I've tried to induce some of these deficiencies. They are actually fairly tough and each plant species(we kept about 400) responds differently, this adds to the over generalization used from terrestrial Crop diagrams. You run the risk of being way too general to get much use from these diagrams. That is certainly the case in every case I've seen, but what do I know

I spend a fair amount of time nagging folks on CO2 or light.
But new folks and the intermediate often wallow on nutrients as some key trick to "magically make their tank's blossom". I have some nice planted tanks, I can tell you, I do not fuss or worry much with ferts, I add them 2-4x a week and that is it. I sell maybe 200$ a month + out of the tanks in cuttings. 

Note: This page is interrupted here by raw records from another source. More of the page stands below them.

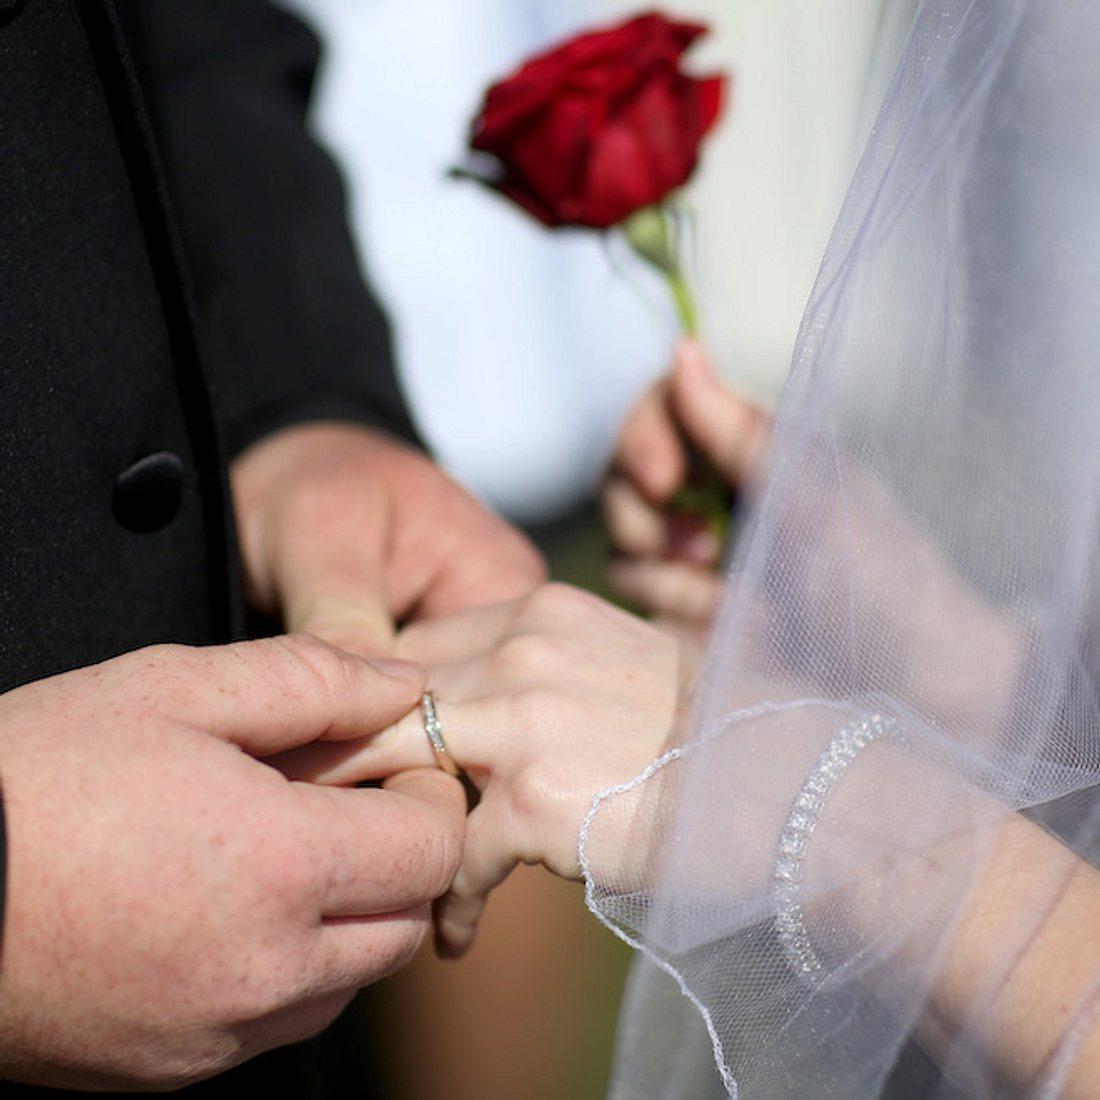 Schlimmster Heiratsantrag? Mann fragt Freundin in Achterbahn
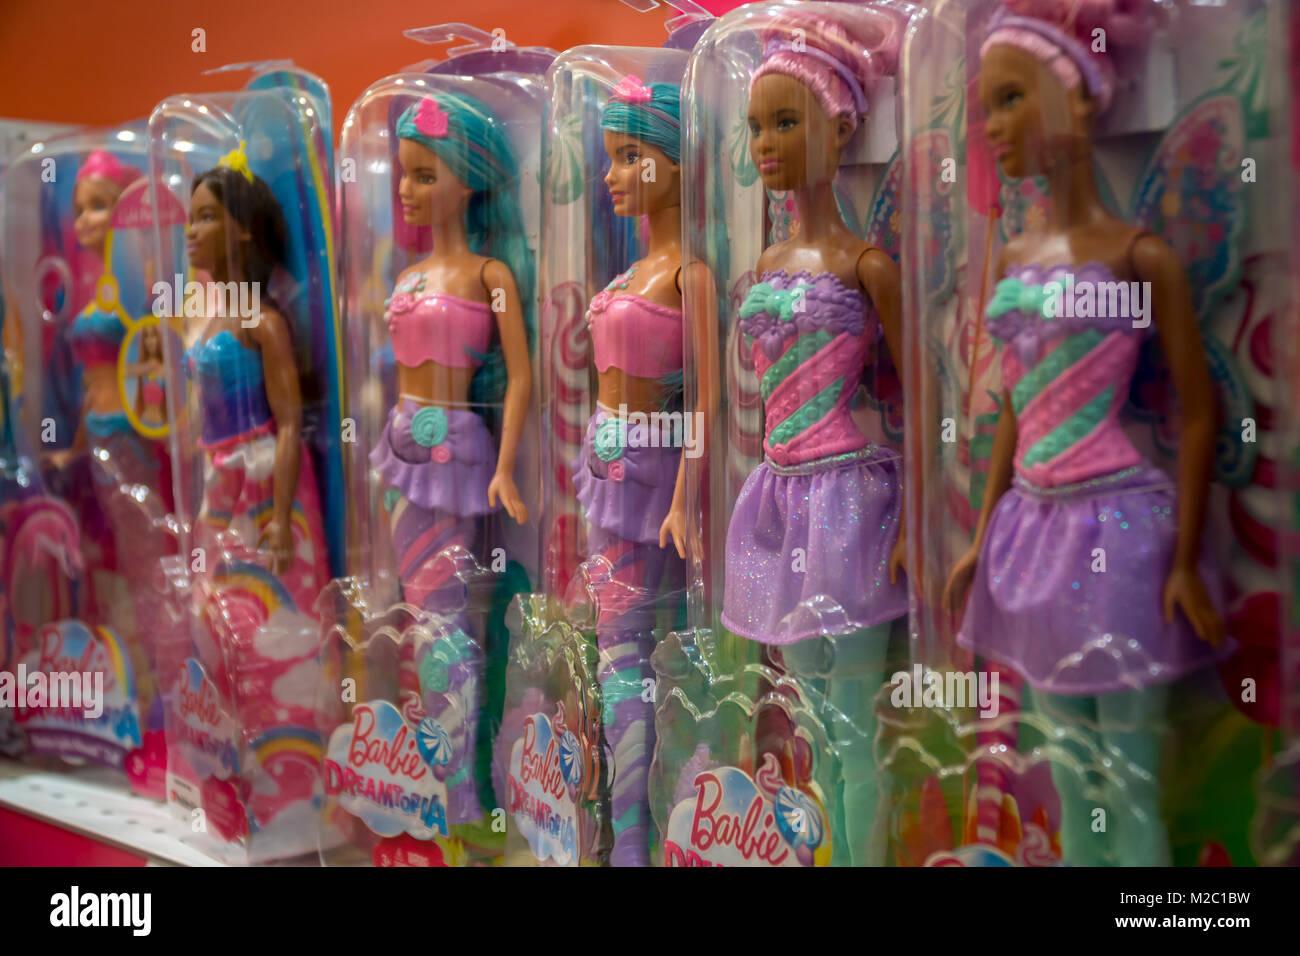 Eine Zusammenstellung Der Verschiedenen Mattel Barbie Puppen In Der
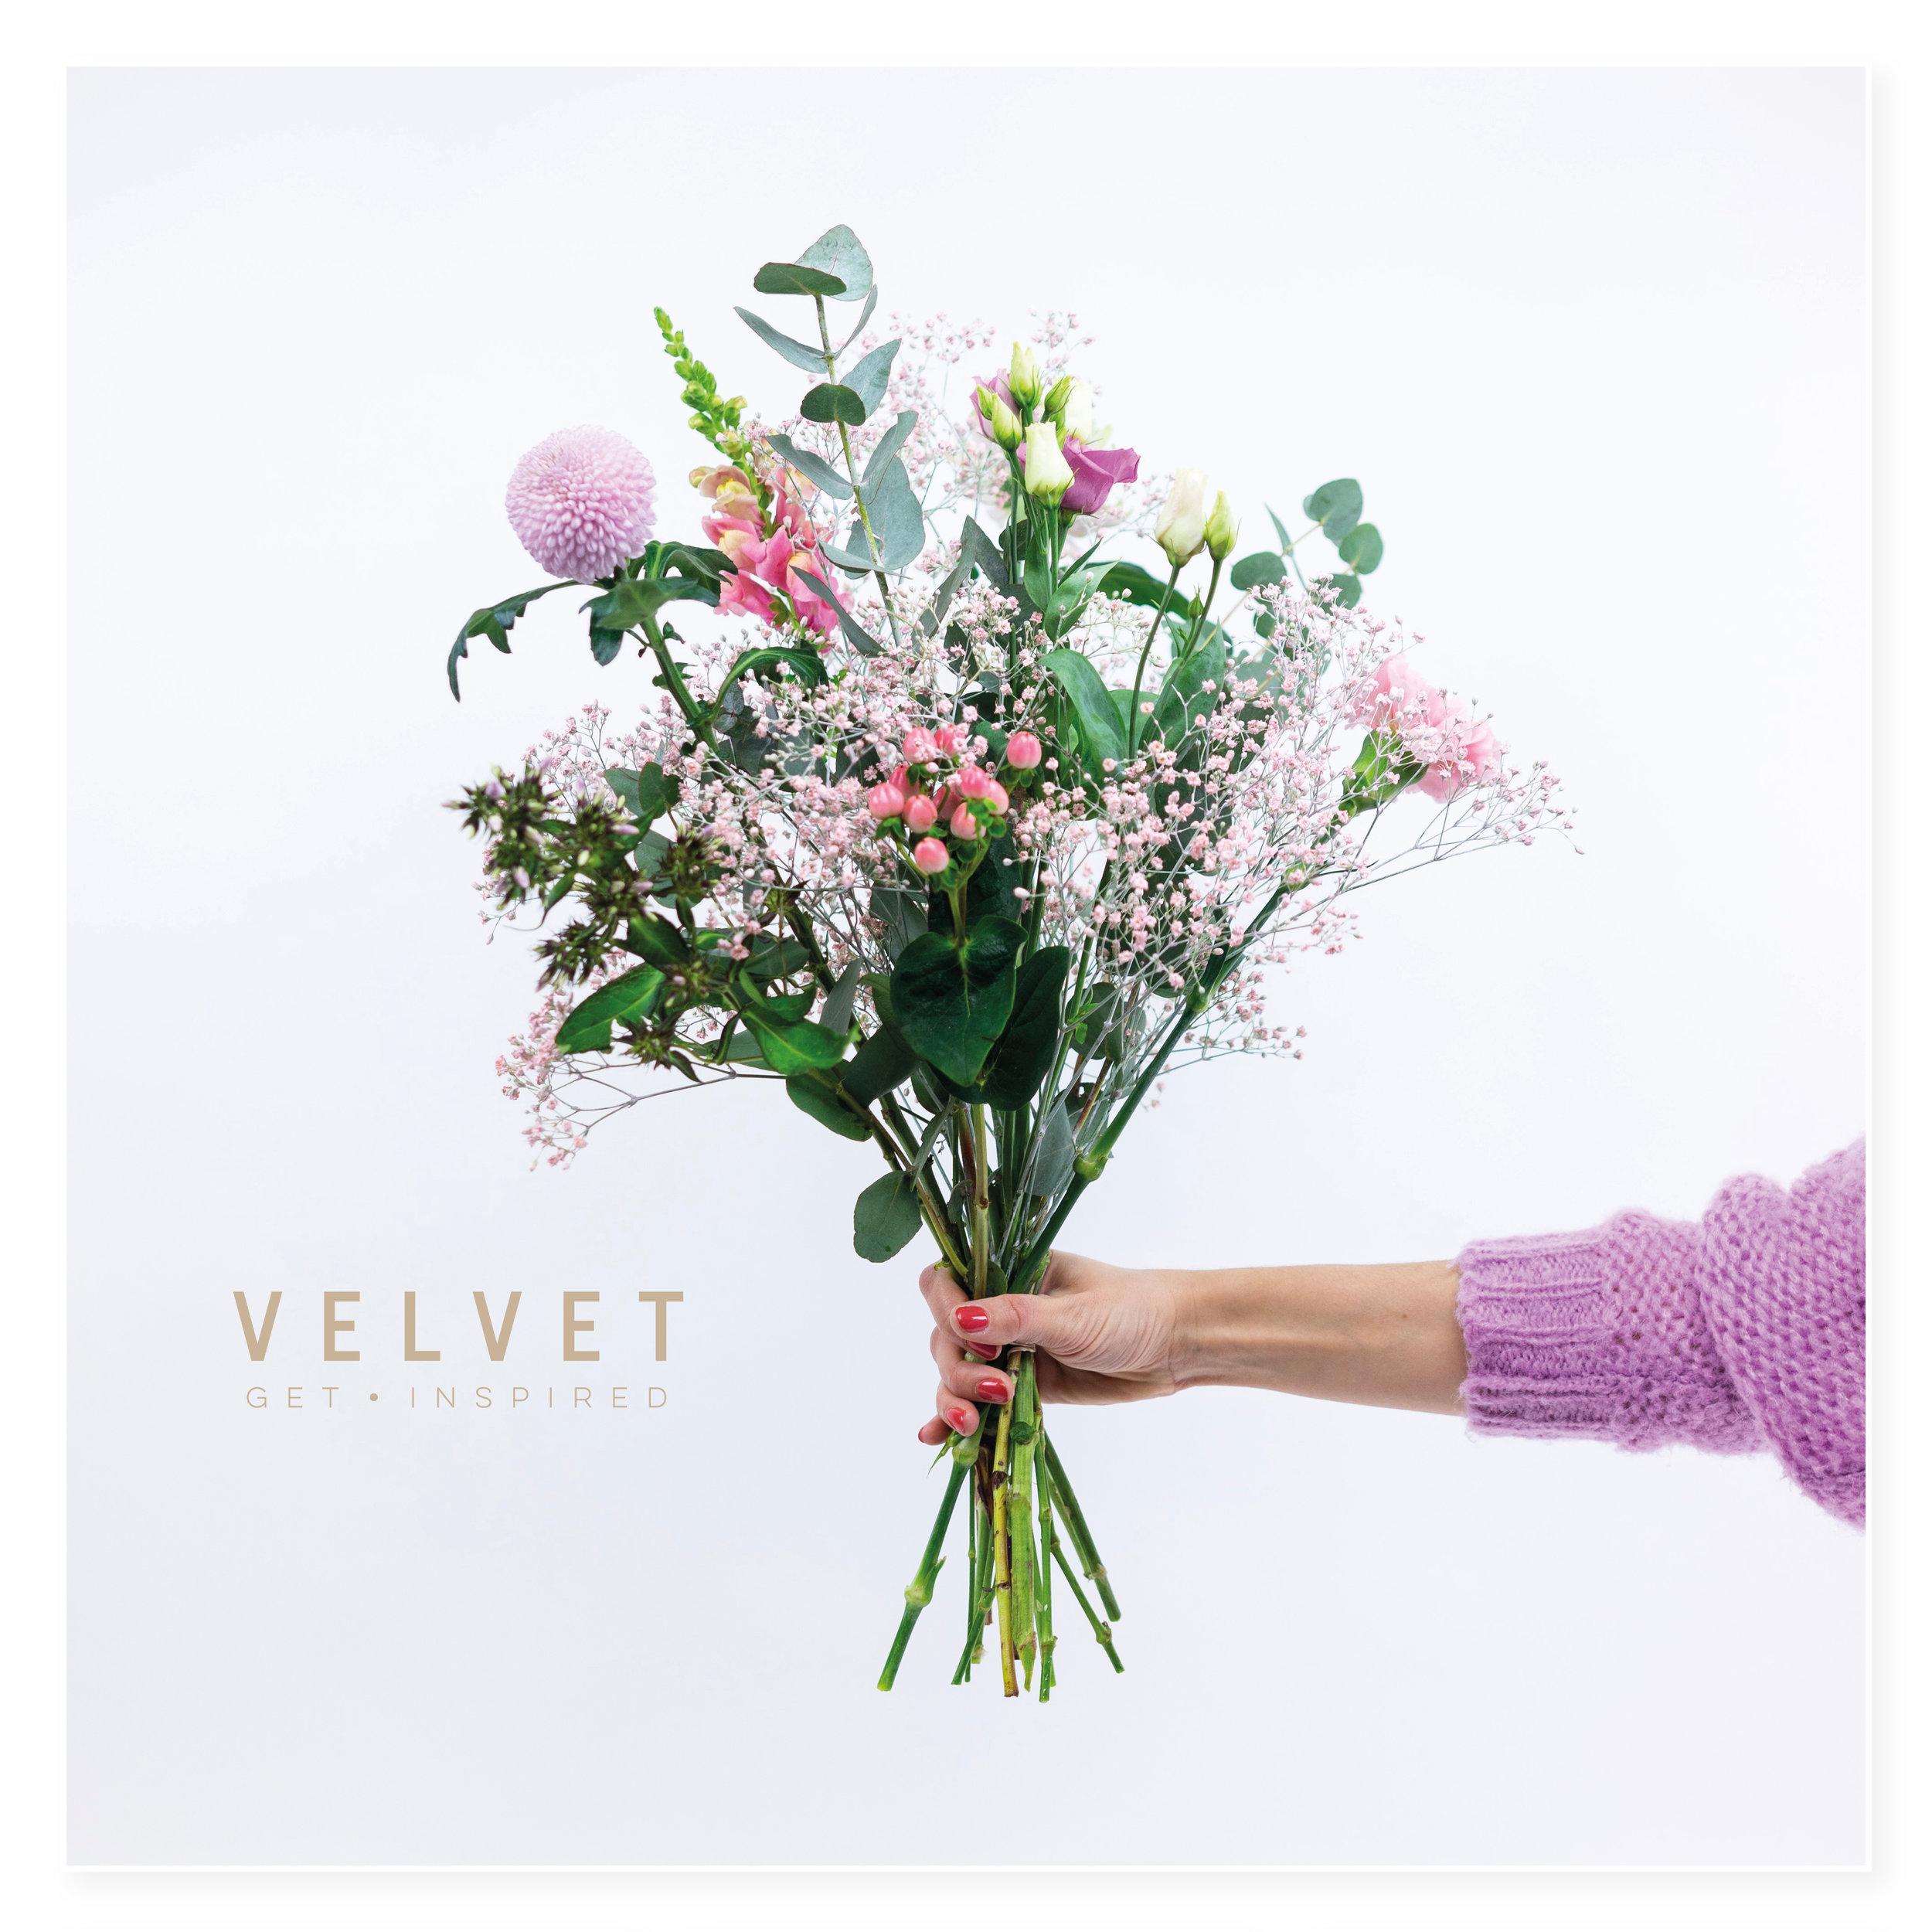 velvet_gift-items_hoofd.jpg

I'll not lie about it, getting good CO2 is the hardest trick in the hobby.
I got burnt recently on my 70 Gal tank, HC started to look like garbage, I knew it wa sCO2, so I checked a few times, thought it was one part, thought it was another, 4 empty gas tanks I found the leak, it was the 2" MTP that connected into the regulator, I did not soapy water that part and never saw the leak. I'd torqued the pipe too strongly into the reg and the pipe frigging broke.

Now the CO2 is fine, but I had to entirely break the CO2 system down and go part by part.

Now if I'm getting burnt every so often on my 5 tanks at home, what are the odds that 1 in 5 people do something just as bone headed as me? Pretty high.


----------